Benson calls it a tipping point: companies are finally embracing the cloud because the benefits outweigh the risks. Media and entertainment companies especially are starting to think creatively about how to leverage the cloud. “It’s a new paradigm that flips the script on old-school data center methodology: we used to mold our solutions to fit the problem, but now we have to mold our problems to fit the available solutions,” he said. “Conceptually this evolution isn’t something the M&E industry hasn’t experienced before. Take tube-record-cassette-CD-MP3: each step was incremental until the quantum shift from a physical medium to a digital one. That shift completely changed how we produce, deliver and consume music and opened the door for radically new business models and innovation.”

“The same thing is happening with the cloud, and that’s where DSB already was, at the forefront, innovating solutions before the industry even realized it needed them.”

DSB’s clientele covers the spectrum of film, TV and digital media production, (including pre and post), along with other types of media companies, from data management and file transfer to media workflow and processing. They’ve used DSB’s services in varied ways: one client looked to the company to lower Amazon Web Services (AWS) bandwidth charges, saving the client thousands. Another looked to DSB for cloud solutions after having “an issue that was so complex they had an RFP open for over a year,” Benson said.

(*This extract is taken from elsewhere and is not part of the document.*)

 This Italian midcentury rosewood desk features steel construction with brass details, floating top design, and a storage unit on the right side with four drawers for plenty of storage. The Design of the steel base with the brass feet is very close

“Knowing how to navigate the public cloud environment is perhaps DSB’s top selling point, and DSB has been an AWS reseller for longer than most firms in the media and entertainment space,” Benson said. Other DSB cloud-based partners include IBM’s SoftLayer and Cloudyn.

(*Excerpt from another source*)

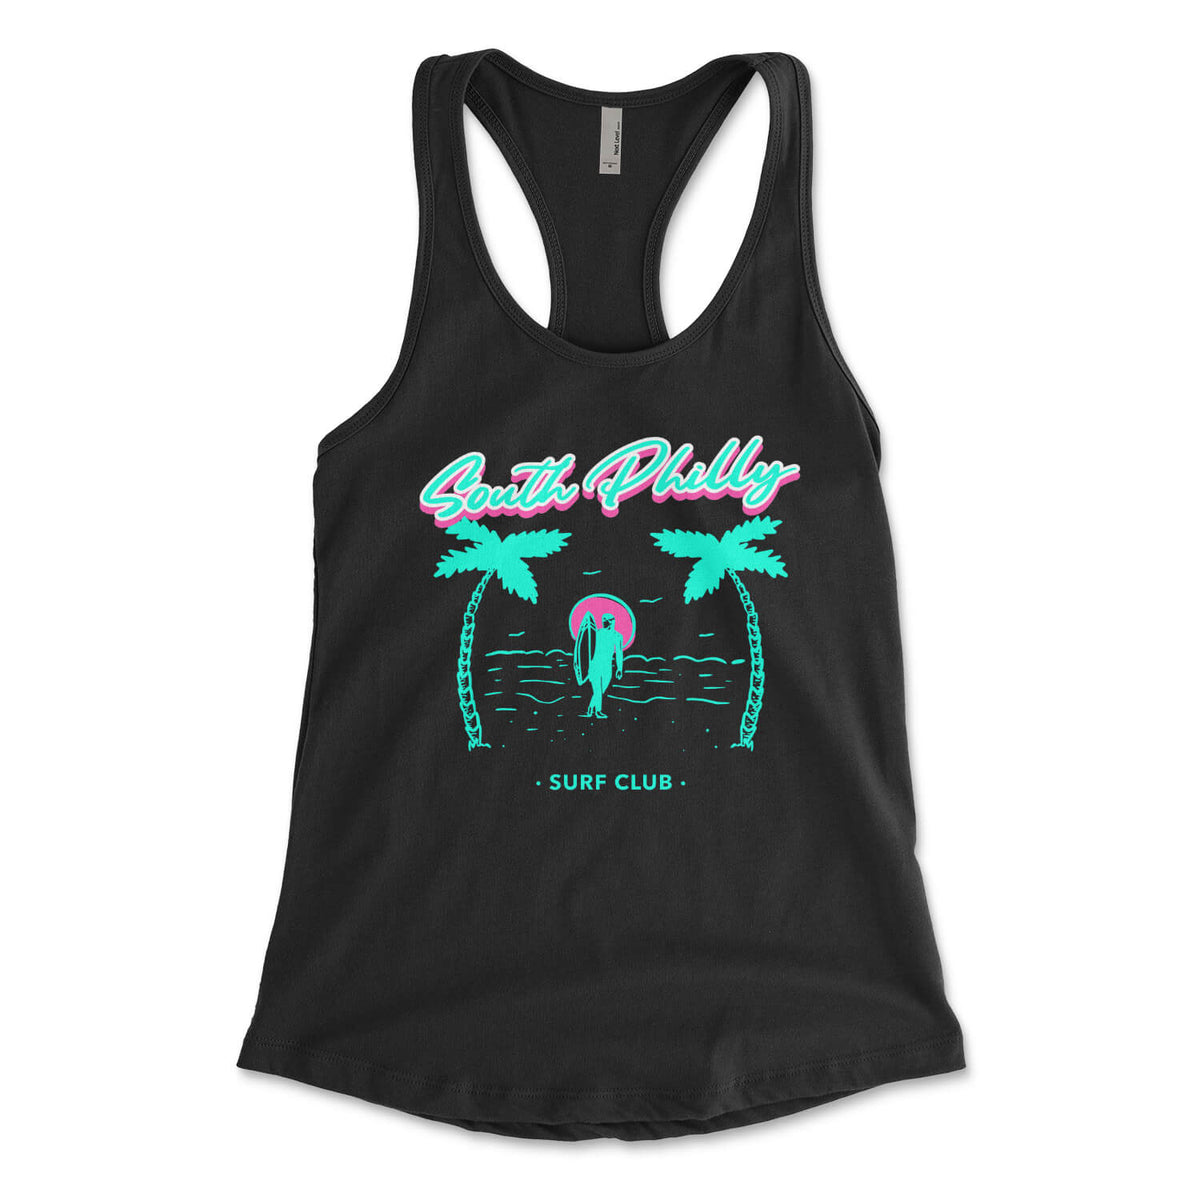 South Philly Suff Club funny womens black racerback tank top from Phillygoat

“We know what technologies Hollywood uses and how to best apply and adapt them to create maximum value,” Benson said. “We know what it took to go from one platform to another, not only from a nuts and bolts standpoint, but in terms of workflow.”

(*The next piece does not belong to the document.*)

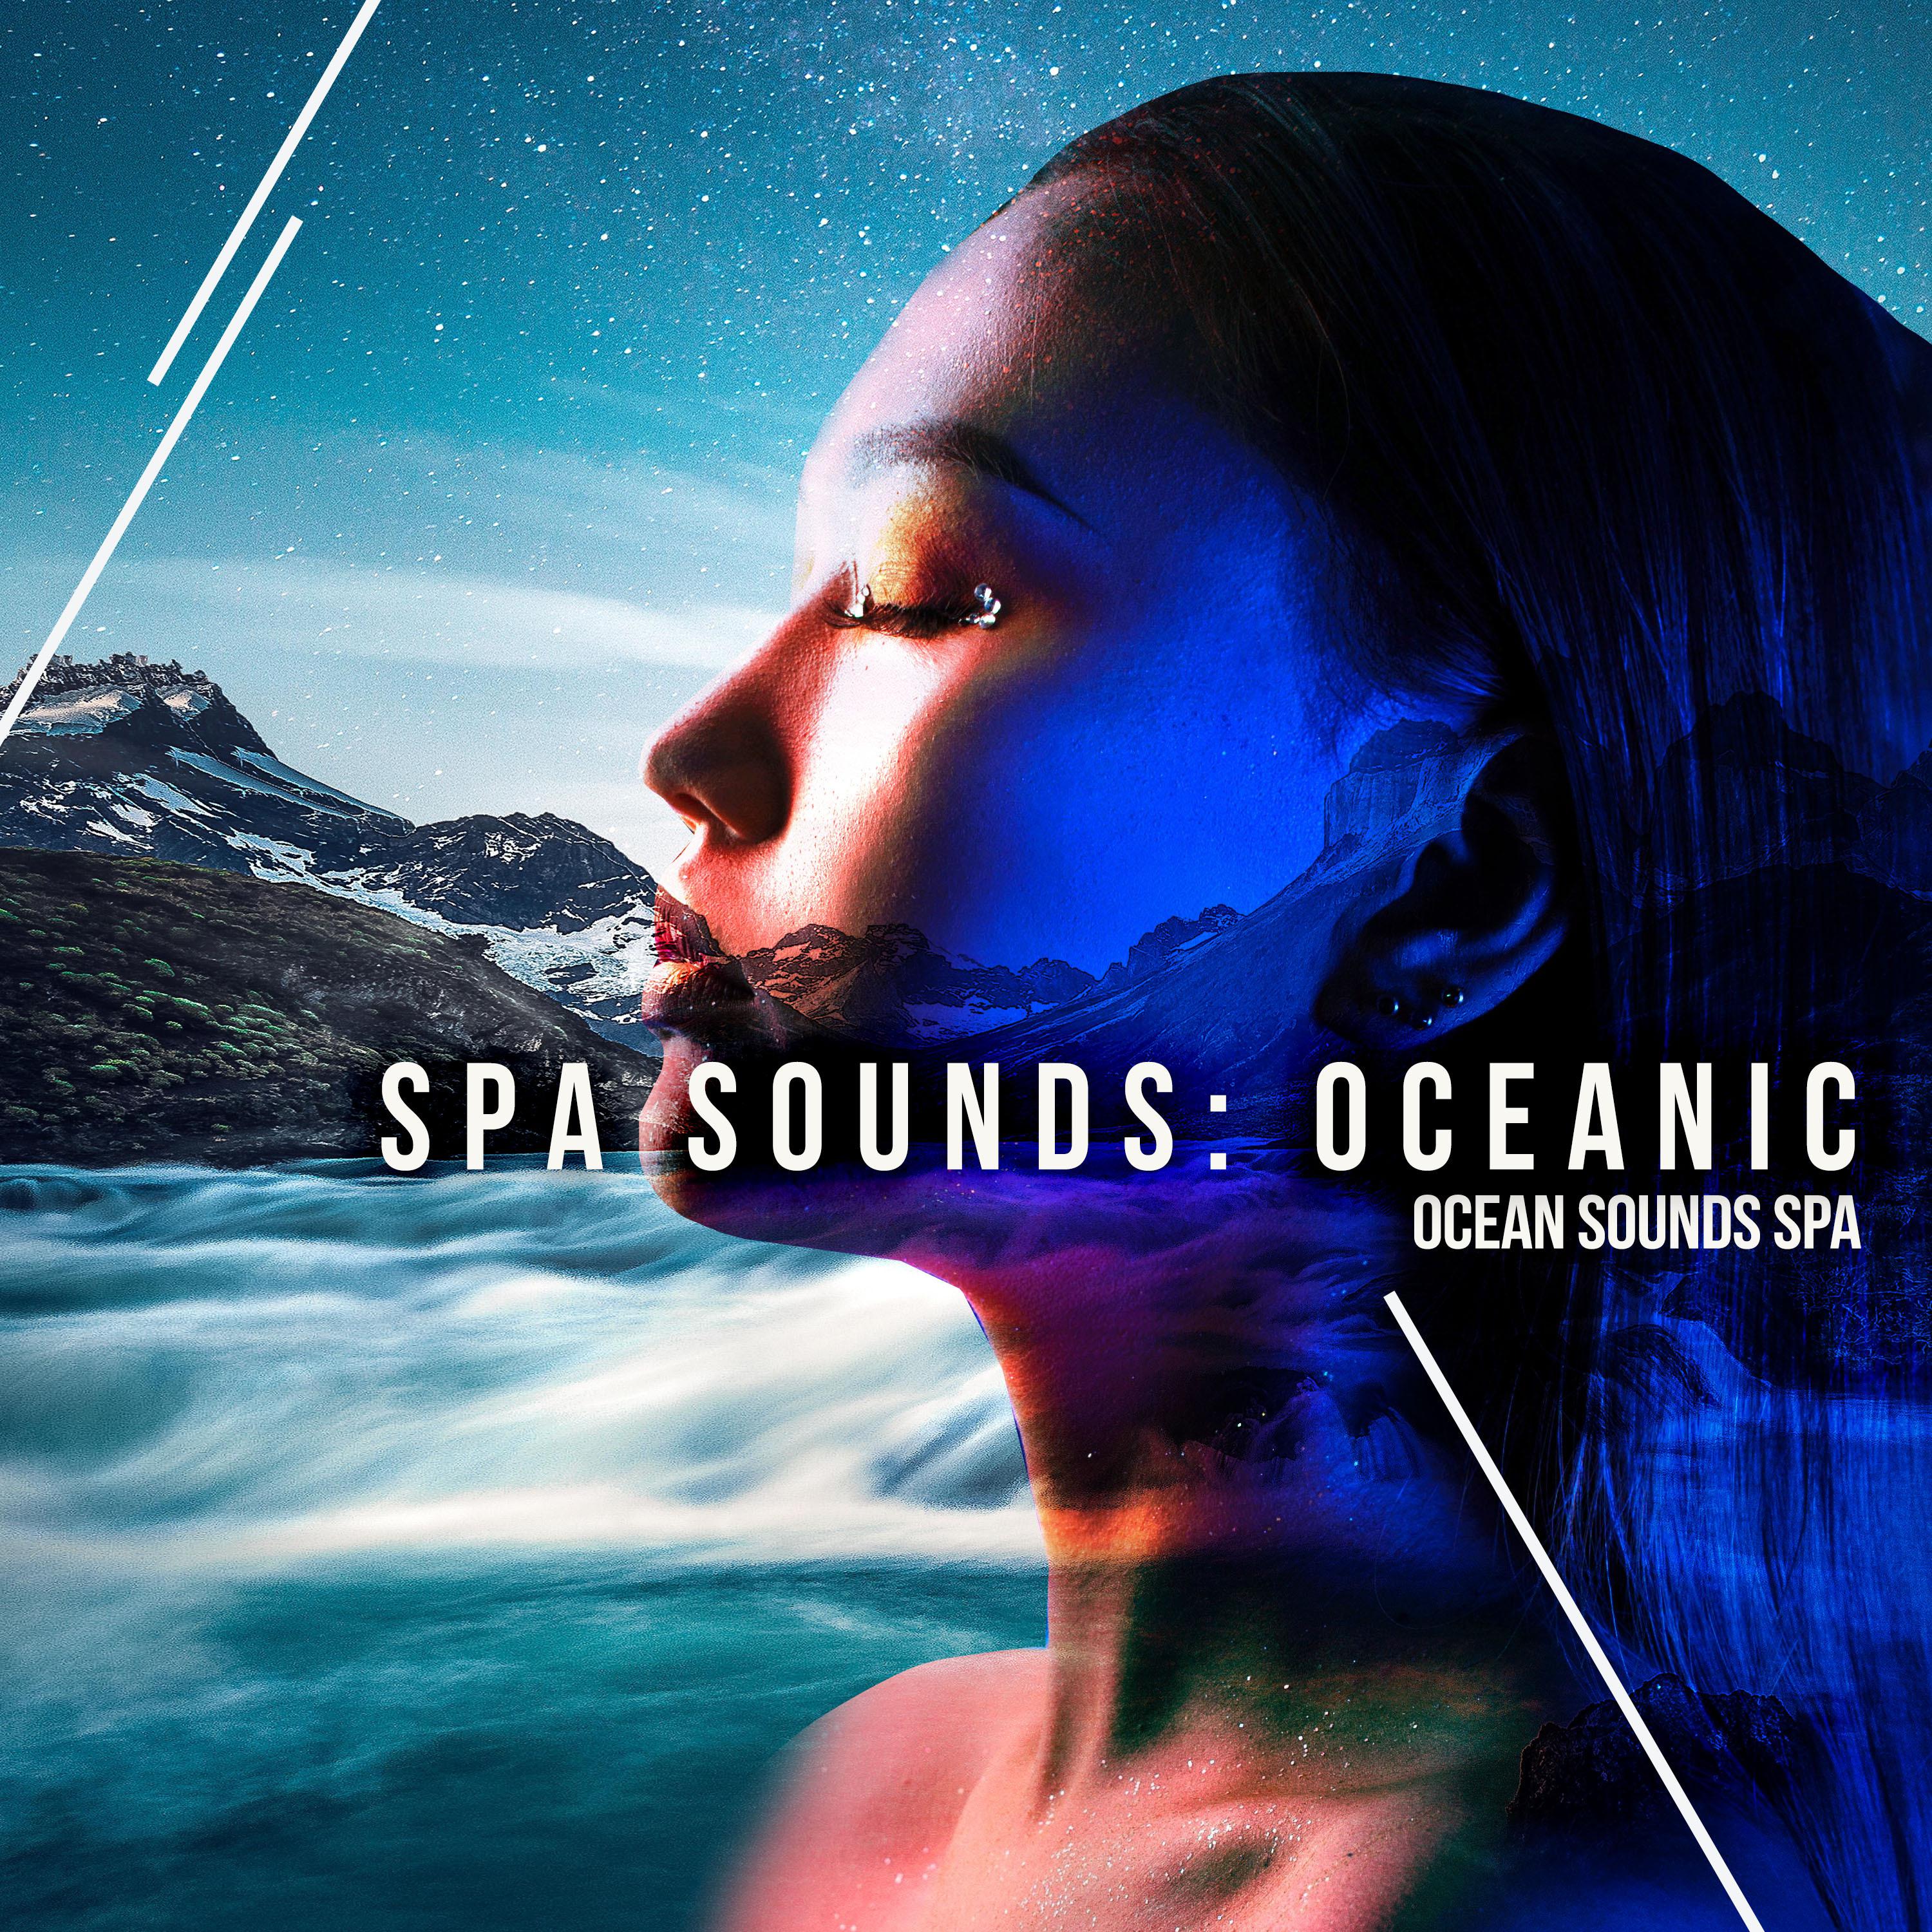 Spa Sounds: Oceanic

Next, DSB is looking to expand its reach into the M&E space, with the pool of film, TV and digital content producers growing and evolving, opening up new opportunities for news, sports and live events. “Basically any company with digital assets is in DSB’s wheelhouse,” Benson said. On the partner side, he envisions extending DSB’s participation with consulting firms like Accenture, PricewaterhouseCoopers and Deloitte.

And the deepening of DSB’s roots into M&E is now well underway with the just-announced launch of BeBop Technology. A first-of-its-kind cloud-based editorial workflow service, BeBop was incubated within DSB and is powered by PC-over-IP protocol company Teradici. “BeBop enables a true, near-line editing experience, using industry standard software like Adobe Premiere, Final Cut Pro, and more, running purely in the cloud and on a Windows desktop, remotely, anywhere in the world,” Benson said.

BeBop’s game-changing characteristics should not be underestimated: it’s expected to become such a significant disruptor for M&E that Benson co-cofounded BeBop Technology as a stand-alone company. Currently in private beta with several notable film, television and digital content producers, BeBop will launch for general availability in the first quarter of 2016.